Suppose two children push horizontally, but in exactly opposite directions, on a third child in a wagon. The first child exerts a force of 75.0 N, the second a force of 95.0 N, friction is 12.0 N, and the mass of the third child plus wagon is 21.0 kg.

(c) Calculate the acceleration.
m/s2
(d) What would the acceleration be if friction is 20.0 N?

c. a = (95-75-12)/21 = 0.381 m/s^2.

d. a = (95-75-20)/21 = 0/21 = 0.

(c) Well, first let's add up the forces. The net force is the sum of the two pushing forces minus the force of friction. So the net force is (75.0 N - 95.0 N) - 12.0 N = -32.0 N.

To calculate the acceleration, we use Newton's second law, F = ma. In this case, the net force is -32.0 N and the mass is 21.0 kg. So, -32.0 N = 21.0 kg * a.

Now let's solve for a. Dividing both sides by 21.0 kg gives us a = -1.52 m/s^2.

Wait, negative acceleration? That means the child and wagon are slowing down!

(d) If the friction is increased to 20.0 N, let's calculate the new net force. The net force would now be (75.0 N - 95.0 N) - 20.0 N = -40.0 N.

We can plug this net force into our formula for Newton's second law, F = ma. So, -40.0 N = 21.0 kg * a.

Dividing both sides by 21.0 kg gives us a = -1.90 m/s^2.

Looks like the child and wagon will slow down even more with the increased friction. Difficult situation for the kid!
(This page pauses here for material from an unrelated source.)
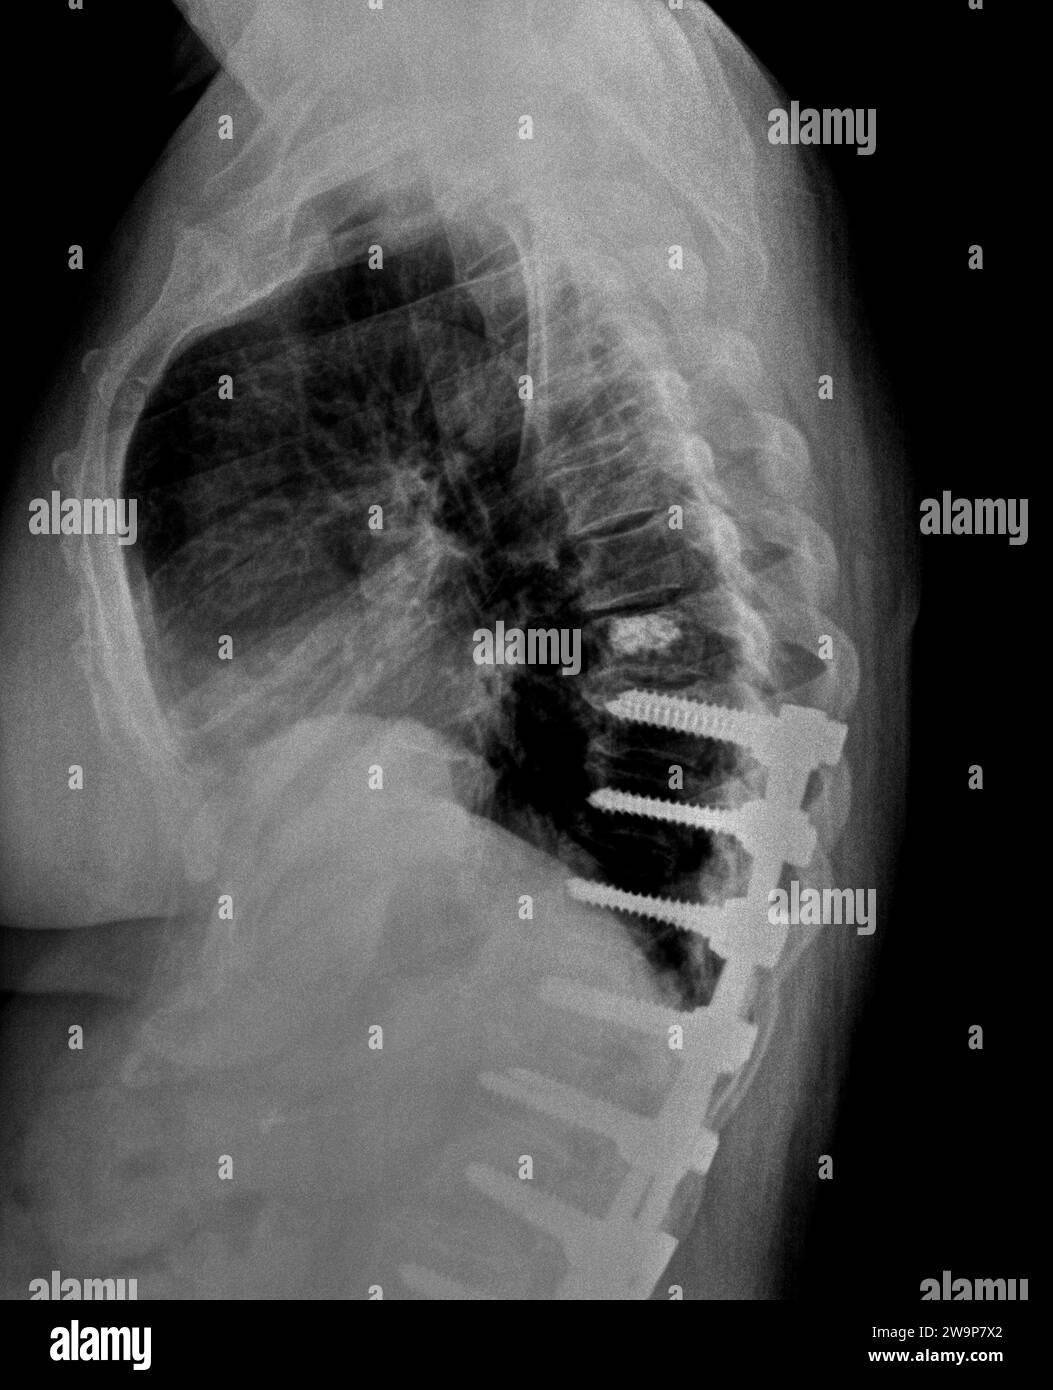 Radiographie ou radiographie filmique d'une vertèbre thoracique médio-dorsale. Vue latérale montrant le support chirurgical pour aider à stabiliser le milieu du dos du patient Banque D'Images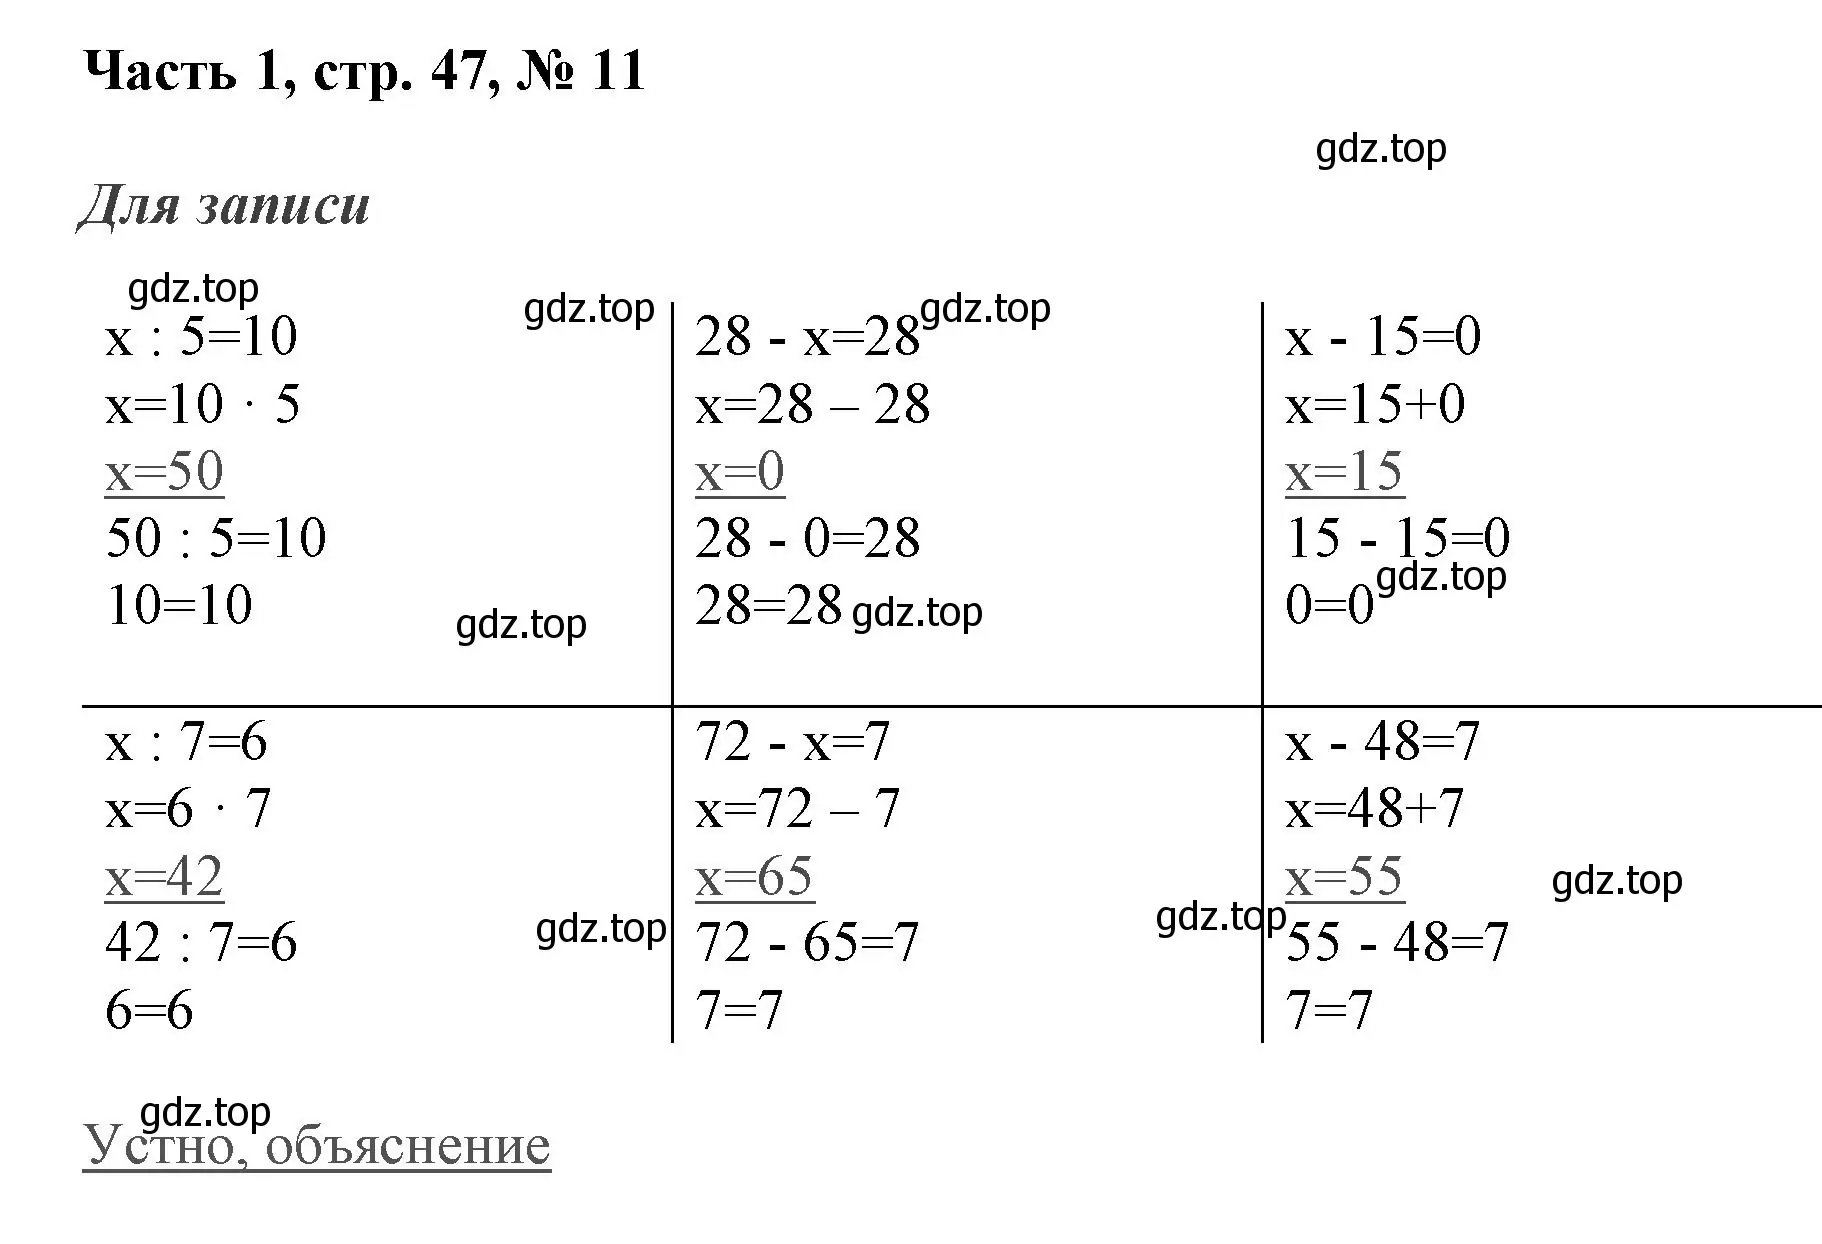 Решение номер 11 (страница 47) гдз по математике 3 класс Моро, Бантова, учебник 1 часть

To calculate the acceleration of the third child plus wagon, we need to determine the net force acting on them.

(a) Calculate the net force:
Net force = Sum of all forces
= Force exerted by the first child + Force exerted by the second child - Frictional force
= 75.0 N + 95.0 N - 12.0 N
= 158.0 N - 12.0 N
= 146.0 N

(b) Calculate the acceleration:
Using Newton's second law, F = ma, where F is the net force and m is the mass:
Net force (F) = mass (m) × acceleration (a)
146.0 N = 21.0 kg × a

Solving for a:
a = 146.0 N / 21.0 kg
a ≈ 6.9524 m/s²

Therefore, the acceleration of the third child plus wagon is approximately 6.9524 m/s².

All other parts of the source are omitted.